■ **Your instructions**
Word for word, set down the listing that appears after this line.

■ **Exercise inputs**
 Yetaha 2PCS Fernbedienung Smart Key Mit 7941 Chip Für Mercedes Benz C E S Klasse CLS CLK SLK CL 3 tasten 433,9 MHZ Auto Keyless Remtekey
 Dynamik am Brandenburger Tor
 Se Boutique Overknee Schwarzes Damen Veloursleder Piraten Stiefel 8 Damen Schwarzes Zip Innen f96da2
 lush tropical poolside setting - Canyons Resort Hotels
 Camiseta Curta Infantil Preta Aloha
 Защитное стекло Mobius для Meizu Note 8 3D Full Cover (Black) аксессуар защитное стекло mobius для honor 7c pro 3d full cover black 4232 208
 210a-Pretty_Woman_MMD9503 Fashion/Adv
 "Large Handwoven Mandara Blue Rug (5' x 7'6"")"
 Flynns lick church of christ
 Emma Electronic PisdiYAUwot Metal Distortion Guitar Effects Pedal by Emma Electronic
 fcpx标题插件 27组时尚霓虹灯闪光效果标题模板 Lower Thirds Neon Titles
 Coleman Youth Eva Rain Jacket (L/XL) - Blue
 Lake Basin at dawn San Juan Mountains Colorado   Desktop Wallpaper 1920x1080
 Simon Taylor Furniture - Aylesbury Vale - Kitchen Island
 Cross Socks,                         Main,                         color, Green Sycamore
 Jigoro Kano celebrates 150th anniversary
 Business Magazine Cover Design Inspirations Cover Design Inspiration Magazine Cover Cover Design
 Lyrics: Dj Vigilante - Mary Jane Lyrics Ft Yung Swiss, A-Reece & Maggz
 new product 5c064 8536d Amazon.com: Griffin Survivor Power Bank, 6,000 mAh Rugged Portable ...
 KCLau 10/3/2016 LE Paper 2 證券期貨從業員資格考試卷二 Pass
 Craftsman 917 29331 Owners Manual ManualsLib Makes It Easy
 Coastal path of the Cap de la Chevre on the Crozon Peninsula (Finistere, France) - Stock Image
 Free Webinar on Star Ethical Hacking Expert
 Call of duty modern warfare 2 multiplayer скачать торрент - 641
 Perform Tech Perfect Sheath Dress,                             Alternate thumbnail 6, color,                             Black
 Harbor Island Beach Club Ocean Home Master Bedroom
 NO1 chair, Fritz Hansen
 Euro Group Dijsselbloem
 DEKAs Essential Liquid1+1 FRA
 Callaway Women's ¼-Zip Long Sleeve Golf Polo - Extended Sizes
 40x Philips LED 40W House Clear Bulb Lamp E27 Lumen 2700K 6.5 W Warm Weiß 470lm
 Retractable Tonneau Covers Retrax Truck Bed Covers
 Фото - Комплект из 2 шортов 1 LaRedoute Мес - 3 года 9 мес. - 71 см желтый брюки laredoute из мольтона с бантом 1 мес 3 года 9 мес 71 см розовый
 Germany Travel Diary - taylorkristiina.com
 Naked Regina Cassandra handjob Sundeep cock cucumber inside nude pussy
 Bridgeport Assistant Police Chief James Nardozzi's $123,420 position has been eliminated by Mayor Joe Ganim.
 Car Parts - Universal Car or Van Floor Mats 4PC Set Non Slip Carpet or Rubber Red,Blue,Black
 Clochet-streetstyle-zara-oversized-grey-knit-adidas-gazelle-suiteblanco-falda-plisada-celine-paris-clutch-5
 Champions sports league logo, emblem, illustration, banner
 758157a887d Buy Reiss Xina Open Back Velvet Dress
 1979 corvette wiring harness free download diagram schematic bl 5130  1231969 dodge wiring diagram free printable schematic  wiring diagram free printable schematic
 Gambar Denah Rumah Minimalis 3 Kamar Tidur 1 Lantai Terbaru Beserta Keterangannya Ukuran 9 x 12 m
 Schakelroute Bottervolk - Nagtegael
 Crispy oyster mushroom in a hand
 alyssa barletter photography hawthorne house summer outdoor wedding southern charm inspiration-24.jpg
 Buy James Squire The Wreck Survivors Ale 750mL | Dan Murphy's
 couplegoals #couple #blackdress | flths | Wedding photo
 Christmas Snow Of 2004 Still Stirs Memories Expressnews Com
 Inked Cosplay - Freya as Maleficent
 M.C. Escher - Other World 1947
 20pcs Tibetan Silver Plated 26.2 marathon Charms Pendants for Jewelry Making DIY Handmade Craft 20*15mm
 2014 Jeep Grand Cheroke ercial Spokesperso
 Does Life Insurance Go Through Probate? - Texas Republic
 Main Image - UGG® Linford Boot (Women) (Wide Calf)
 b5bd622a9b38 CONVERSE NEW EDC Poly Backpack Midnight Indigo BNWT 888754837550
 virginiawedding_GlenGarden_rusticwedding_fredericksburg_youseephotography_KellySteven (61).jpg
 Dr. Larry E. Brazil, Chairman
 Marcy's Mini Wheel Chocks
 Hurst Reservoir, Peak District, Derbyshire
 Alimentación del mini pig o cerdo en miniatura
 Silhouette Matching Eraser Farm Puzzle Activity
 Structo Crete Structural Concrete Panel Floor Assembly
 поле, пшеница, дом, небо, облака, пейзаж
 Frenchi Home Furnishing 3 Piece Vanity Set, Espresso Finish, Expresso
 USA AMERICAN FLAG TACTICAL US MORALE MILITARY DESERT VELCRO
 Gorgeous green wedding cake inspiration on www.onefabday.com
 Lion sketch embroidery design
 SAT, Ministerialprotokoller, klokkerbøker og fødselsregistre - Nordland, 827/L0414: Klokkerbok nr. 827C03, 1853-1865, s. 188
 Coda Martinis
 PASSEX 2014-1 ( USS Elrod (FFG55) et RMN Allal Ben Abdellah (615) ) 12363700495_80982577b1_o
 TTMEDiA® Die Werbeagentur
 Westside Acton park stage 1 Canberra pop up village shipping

■ **Task result**
 Yetaha 2PCS Fernbedienung Smart Key Mit 7941 Chip Für Mercedes Benz C E S Klasse CLS CLK SLK CL 3 tasten 433,9 MHZ Auto Keyless Remtekey
 Dynamik am Brandenburger Tor
 Se Boutique Overknee Schwarzes Damen Veloursleder Piraten Stiefel 8 Damen Schwarzes Zip Innen f96da2
 lush tropical poolside setting - Canyons Resort Hotels
 Camiseta Curta Infantil Preta Aloha
 Защитное стекло Mobius для Meizu Note 8 3D Full Cover (Black) аксессуар защитное стекло mobius для honor 7c pro 3d full cover black 4232 208
 210a-Pretty_Woman_MMD9503 Fashion/Adv
 "Large Handwoven Mandara Blue Rug (5' x 7'6"")"
 Flynns lick church of christ
 Emma Electronic PisdiYAUwot Metal Distortion Guitar Effects Pedal by Emma Electronic
 fcpx标题插件 27组时尚霓虹灯闪光效果标题模板 Lower Thirds Neon Titles
 Coleman Youth Eva Rain Jacket (L/XL) - Blue
 Lake Basin at dawn San Juan Mountains Colorado   Desktop Wallpaper 1920x1080
 Simon Taylor Furniture - Aylesbury Vale - Kitchen Island
 Cross Socks,                         Main,                         color, Green Sycamore
 Jigoro Kano celebrates 150th anniversary
 Business Magazine Cover Design Inspirations Cover Design Inspiration Magazine Cover Cover Design
 Lyrics: Dj Vigilante - Mary Jane Lyrics Ft Yung Swiss, A-Reece & Maggz
 new product 5c064 8536d Amazon.com: Griffin Survivor Power Bank, 6,000 mAh Rugged Portable ...
 KCLau 10/3/2016 LE Paper 2 證券期貨從業員資格考試卷二 Pass
 Craftsman 917 29331 Owners Manual ManualsLib Makes It Easy
 Coastal path of the Cap de la Chevre on the Crozon Peninsula (Finistere, France) - Stock Image
 Free Webinar on Star Ethical Hacking Expert
 Call of duty modern warfare 2 multiplayer скачать торрент - 641
 Perform Tech Perfect Sheath Dress,                             Alternate thumbnail 6, color,                             Black
 Harbor Island Beach Club Ocean Home Master Bedroom
 NO1 chair, Fritz Hansen
 Euro Group Dijsselbloem
 DEKAs Essential Liquid1+1 FRA
 Callaway Women's ¼-Zip Long Sleeve Golf Polo - Extended Sizes
 40x Philips LED 40W House Clear Bulb Lamp E27 Lumen 2700K 6.5 W Warm Weiß 470lm
 Retractable Tonneau Covers Retrax Truck Bed Covers
 Фото - Комплект из 2 шортов 1 LaRedoute Мес - 3 года 9 мес. - 71 см желтый брюки laredoute из мольтона с бантом 1 мес 3 года 9 мес 71 см розовый
 Germany Travel Diary - taylorkristiina.com
 Naked Regina Cassandra handjob Sundeep cock cucumber inside nude pussy
 Bridgeport Assistant Police Chief James Nardozzi's $123,420 position has been eliminated by Mayor Joe Ganim.
 Car Parts - Universal Car or Van Floor Mats 4PC Set Non Slip Carpet or Rubber Red,Blue,Black
 Clochet-streetstyle-zara-oversized-grey-knit-adidas-gazelle-suiteblanco-falda-plisada-celine-paris-clutch-5
 Champions sports league logo, emblem, illustration, banner
 758157a887d Buy Reiss Xina Open Back Velvet Dress
 1979 corvette wiring harness free download diagram schematic bl 5130  1231969 dodge wiring diagram free printable schematic  wiring diagram free printable schematic
 Gambar Denah Rumah Minimalis 3 Kamar Tidur 1 Lantai Terbaru Beserta Keterangannya Ukuran 9 x 12 m
 Schakelroute Bottervolk - Nagtegael
 Crispy oyster mushroom in a hand
 alyssa barletter photography hawthorne house summer outdoor wedding southern charm inspiration-24.jpg
 Buy James Squire The Wreck Survivors Ale 750mL | Dan Murphy's
 couplegoals #couple #blackdress | flths | Wedding photo
 Christmas Snow Of 2004 Still Stirs Memories Expressnews Com
 Inked Cosplay - Freya as Maleficent
 M.C. Escher - Other World 1947
 20pcs Tibetan Silver Plated 26.2 marathon Charms Pendants for Jewelry Making DIY Handmade Craft 20*15mm
 2014 Jeep Grand Cheroke ercial Spokesperso
 Does Life Insurance Go Through Probate? - Texas Republic
 Main Image - UGG® Linford Boot (Women) (Wide Calf)
 b5bd622a9b38 CONVERSE NEW EDC Poly Backpack Midnight Indigo BNWT 888754837550
 virginiawedding_GlenGarden_rusticwedding_fredericksburg_youseephotography_KellySteven (61).jpg
 Dr. Larry E. Brazil, Chairman
 Marcy's Mini Wheel Chocks
 Hurst Reservoir, Peak District, Derbyshire
 Alimentación del mini pig o cerdo en miniatura
 Silhouette Matching Eraser Farm Puzzle Activity
 Structo Crete Structural Concrete Panel Floor Assembly
 поле, пшеница, дом, небо, облака, пейзаж
 Frenchi Home Furnishing 3 Piece Vanity Set, Espresso Finish, Expresso
 USA AMERICAN FLAG TACTICAL US MORALE MILITARY DESERT VELCRO
 Gorgeous green wedding cake inspiration on www.onefabday.com
 Lion sketch embroidery design
 SAT, Ministerialprotokoller, klokkerbøker og fødselsregistre - Nordland, 827/L0414: Klokkerbok nr. 827C03, 1853-1865, s. 188
 Coda Martinis
 PASSEX 2014-1 ( USS Elrod (FFG55) et RMN Allal Ben Abdellah (615) ) 12363700495_80982577b1_o
 TTMEDiA® Die Werbeagentur
 Westside Acton park stage 1 Canberra pop up village shipping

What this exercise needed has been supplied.